Water costs will continue to rise
on September 19, 2013
Ten years ago, the average East Bay Municipal Utility District (EBMUD) consumer was paying $26.09 per month for water. By July 1st of 2014, that number will have nearly doubled to $48.60. The next two years alone will see rates rise 9.75 percent ($3.96 per month) in 2014 and 9.5 percent ($4.19 per month) in 2015.
At last week’s City Council meeting, Richmond resident Leonard Taylor complained about the hikes, saying he may have to stop doing his laundry and engage in only “weekend shower activities.”
“I know this was painful,” said Lesa McIntosh, EBMUD board member representing Richmond and West County. But, she says the water utility’s rates are still comparably reasonable, “Out of thirteen agencies [in the Bay Area], our rates are still lower than ten.”
EBMUD spokesperson Abby Figueroa cited an aging infrastructure, the rising cost of chemicals and a change in the agency’s financing, as the reasons for the rate hikes. “We’re moving to a pay-as-you-go system, which requires a bigger investment,” Figueroa said.
McIntosh said an additional factor is that people are using less water, and this has spelled a loss in revenue. Following a drought in 2008, “Those sales really never recovered, which in my mind is a good thing. People are starting to understand the need for conservation and are doing better at it,” McIntosh said.
“It’s one of those ironies that pervades the water world,” said Carolyn Remick, executive director of the UC Berkeley Water Center. “They’re spreading the costs over a smaller volume of water.”
Figueroa pointed to the water company’s system of tiered rates as part of a program to encourage conservation by discouraging waste.

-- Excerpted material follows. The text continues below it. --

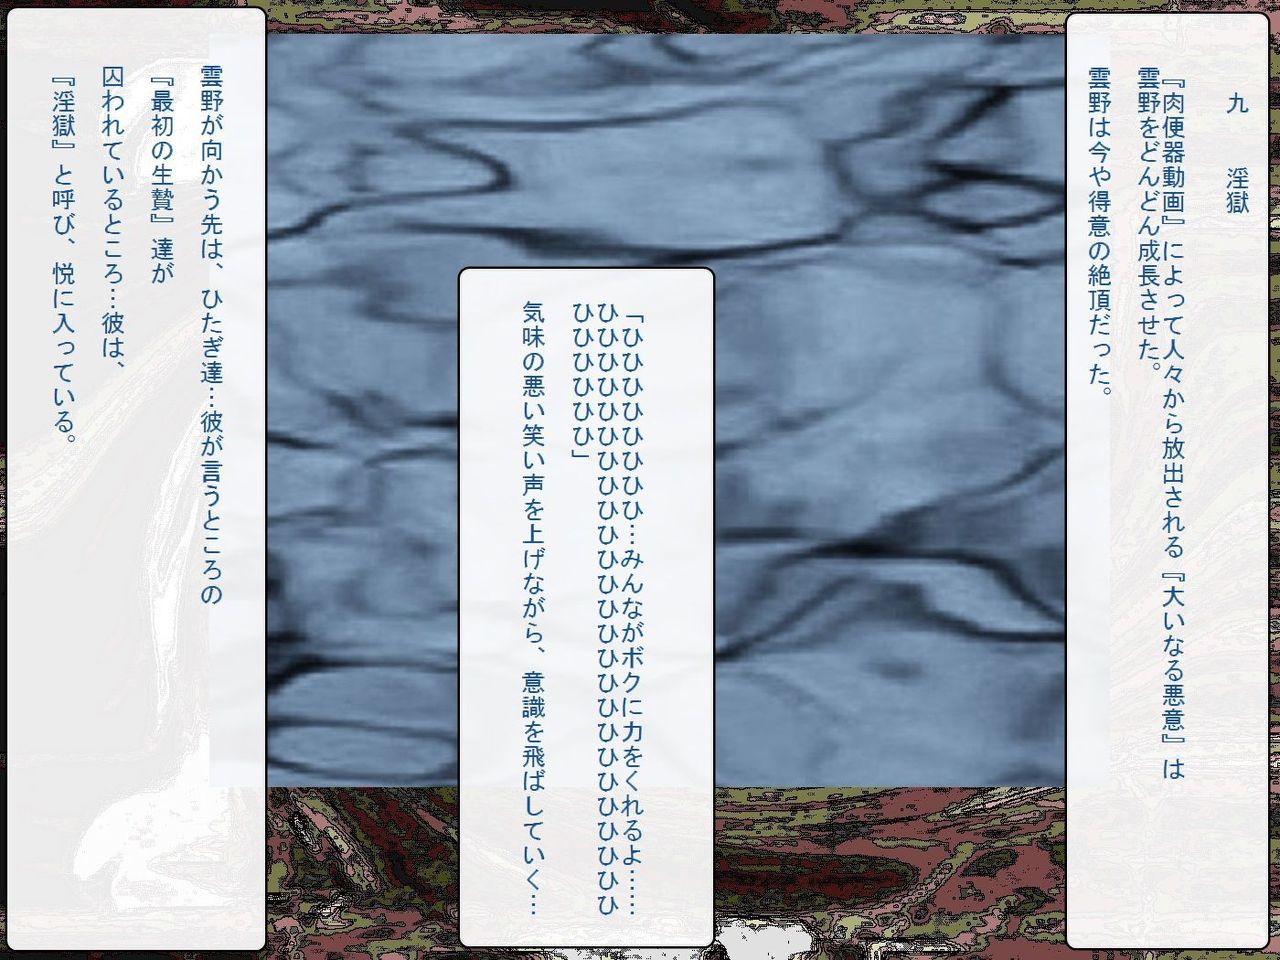 [Teito Bouei Ryodan] RTK Book Ver. 8.4: “‘Tsuki’ Monogatari Saishuu-banashi ‘Tsubasa, soshite... Mayoi maimai’” (<Monogatari> Series) [帝都防衛旅団] RTKBOOK Ver.8.4 「『憑き』物語 最終話 『ひ〇ぎ倶楽部』」 (〈物語〉シリーズ) 296

Regulation and technology have also brought new costs along with cleaner water, Figueroa said. “We know more now. Ten to 30 years ago we didn’t know about many contaminants and couldn’t measure them.” However, Figueroa said there is the need “to balance what is technically feasible with the costs.”

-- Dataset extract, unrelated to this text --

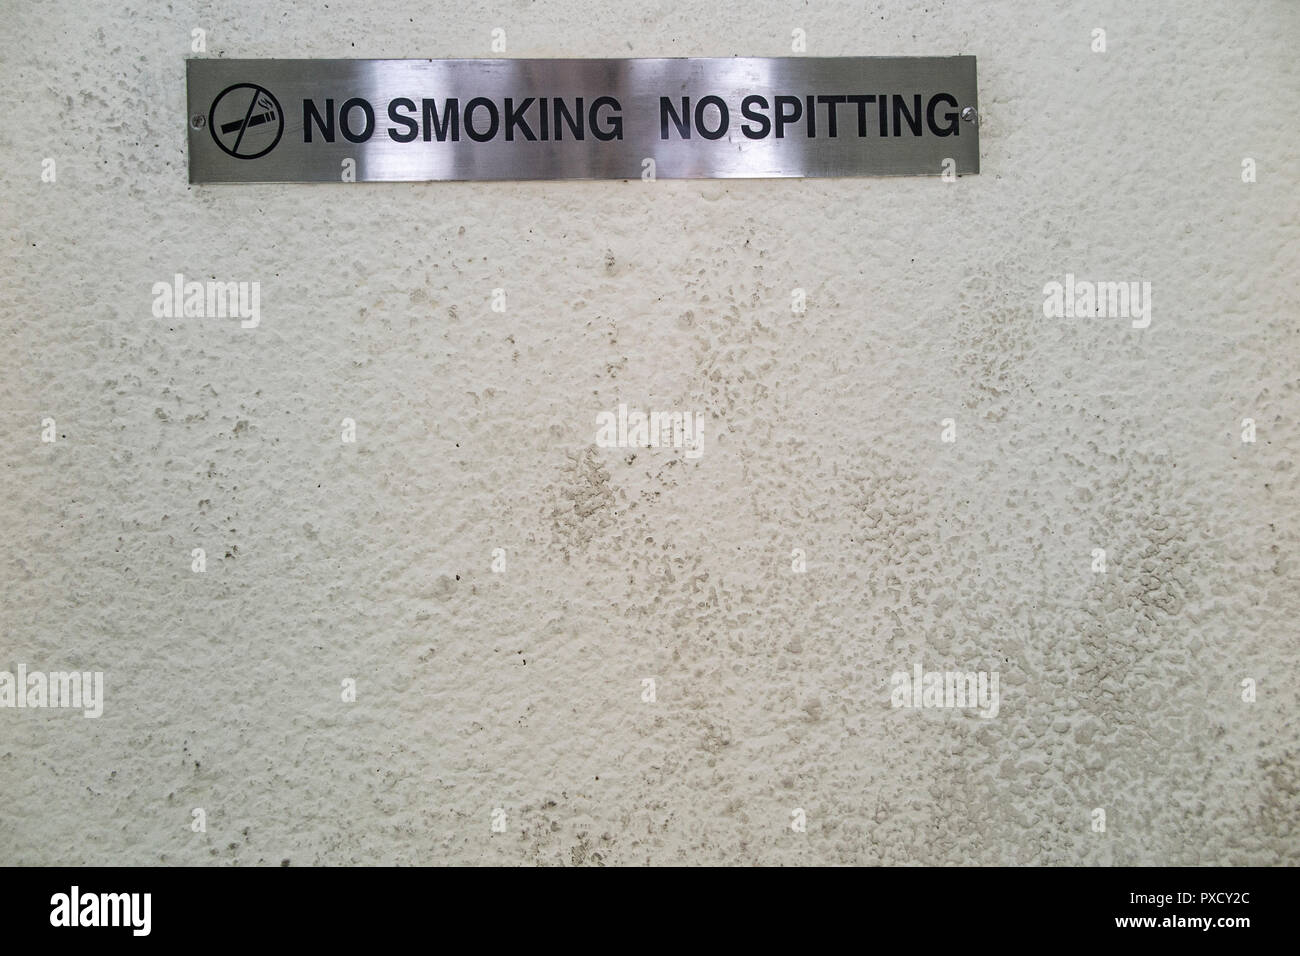 Smoking Spitting

As the cost of water increases, McIntosh said, large numbers of people will be affected. She said she is especially sensitive to the needs of Richmond ratepayers, “I was born and raised here. I have lifelong friends and family who are living on a fixed income.” McIntosh said that through aggressive leak detection, renewable energy projects, advanced uses of recycled water, and minimizing supply costs she thinks EBMUD can end this cycle of rate hikes.

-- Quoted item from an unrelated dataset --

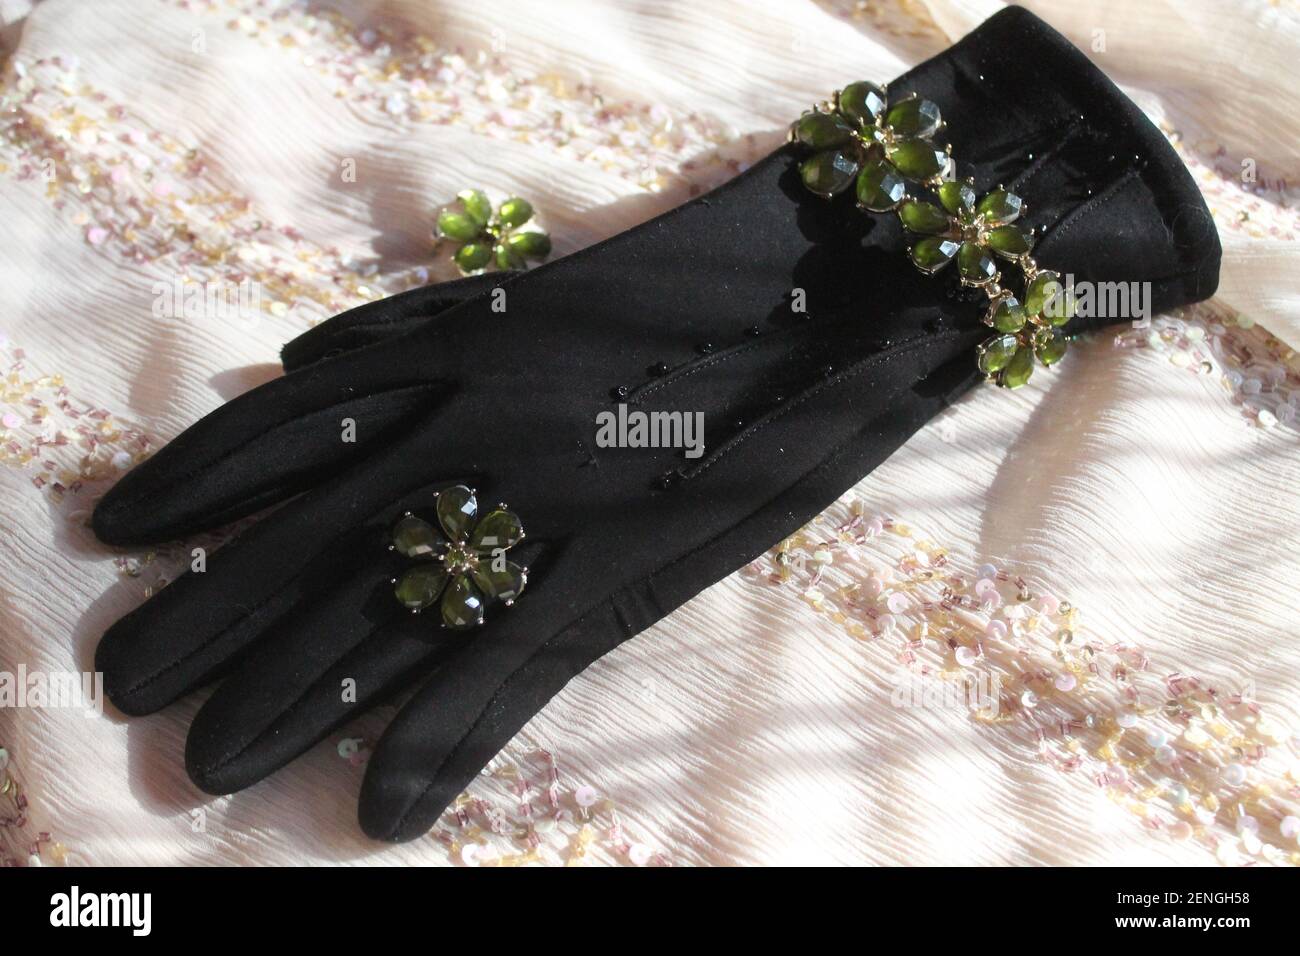 hermosa pulsera de joyas y anillo en forma de margarita acostarse en el guante negro de la mujer Foto de stock

“California is accustomed to unrealistically cheap water,” Remick said. There have been steeper rate increases in other parts of the country, “In reality, we are catching up to real costs. [Rates] can’t go up indefinitely, but we might see a shift where people come to expect more of their paycheck to go toward their water. The forecast for cheap water in the future does not look very good.”